Human papillomavirus (HPV) genotyping can benefit clinical practice

A study published in the current issue of the Journal of the National Cancer Institute (JNCI) concludes that genotyping of specific high-risk types of the human papillomavirus (HPV), the cause of virtually all cases of cervical cancer, can benefit clinical practice by enabling more focused attention on women who are at highest risk, announced Digene Corporation.

In the study, the authors note they recently examined the performance of The Digene HPV Test and found that the test demonstrated superior sensitivity and negative predictive value compared with a single Pap smear. The authors added that with separate, follow-up, typing of HPV 16 and HPV 18, "This new screening strategy could help to reduce the number of women who are referred to colposcopy for a positive HPV test." Although women who carry other types of high-risk HPV "will still need to be followed more carefully" than those without HPV, follow-up could be more conservative.
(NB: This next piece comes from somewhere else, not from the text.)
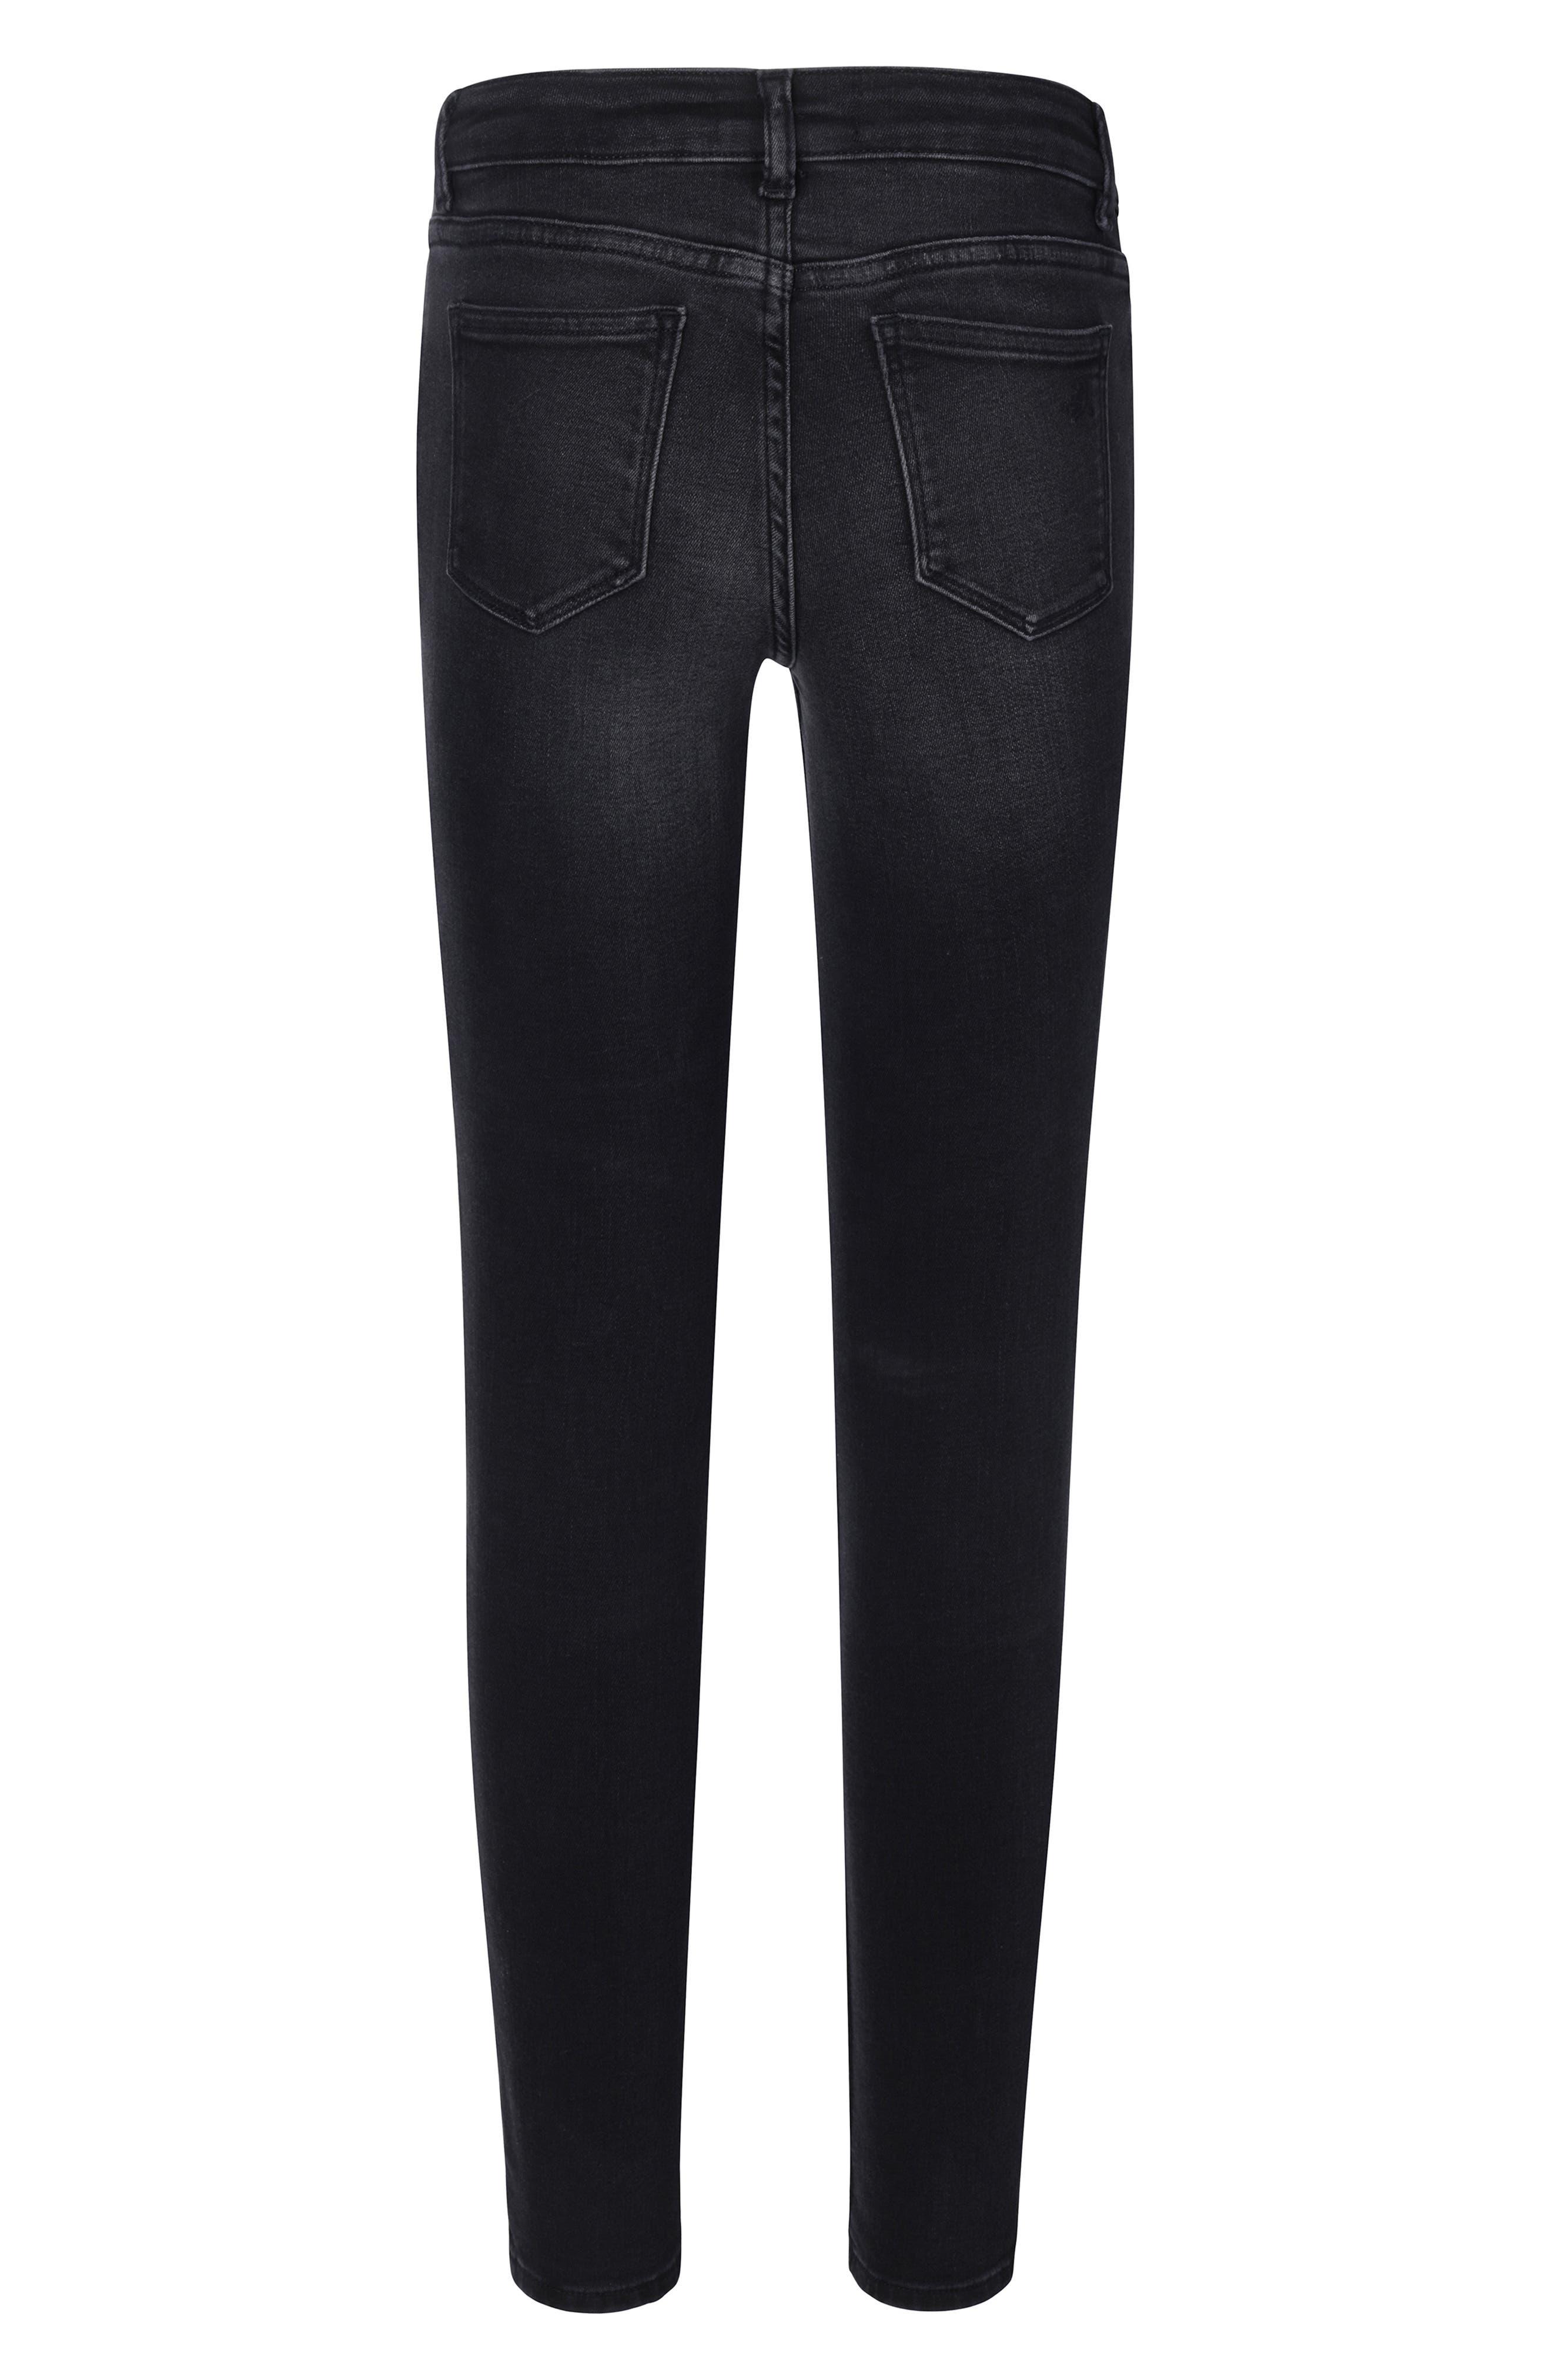 Chloe Moto Skinny Jeans,                             Alternate thumbnail 2, color,                             DUTCH

The JNCI study, authored by Khan, Castle, et. al., is titled "The elevated 10-year risk of cervical neoplasia in women with human papillomavirus (HPV) type 16 or 18 may warrant type-specific HPV testing in clinical practice." It concludes that HPV screening that distinguishes specific HPV types from others -- specifically types 16 and 18 -- could "focus clinical attention on women at greatest risk [of cervical cancer] and permit less-aggressive management of other oncogenic infections." The findings are based on an evaluation of 20,810 women participating in the Kaiser Permanente health plan in Portland, OR, who were enrolled in a cohort study of HPV and cervical neoplasia.

"Primary screening with The Digene HPV Test together with the Pap is quickly emerging as the standard of care for cervical cancer screening, enabling greater screening sensitivity and enabling physicians to stratify and appropriately manage their patients at highest risk. To provide greater risk-stratification information to healthcare providers in the future, Digene is currently developing two products that can be used in the laboratory to provide HPV genotyping information following a positive high-risk HPV test," commented Attila T. Lorincz, PhD, Digene's Chief Scientific Officer and Senior Vice President of Research and Development. "We are strongly committed to our role as the pioneer in HPV screening and cervical cancer prevention."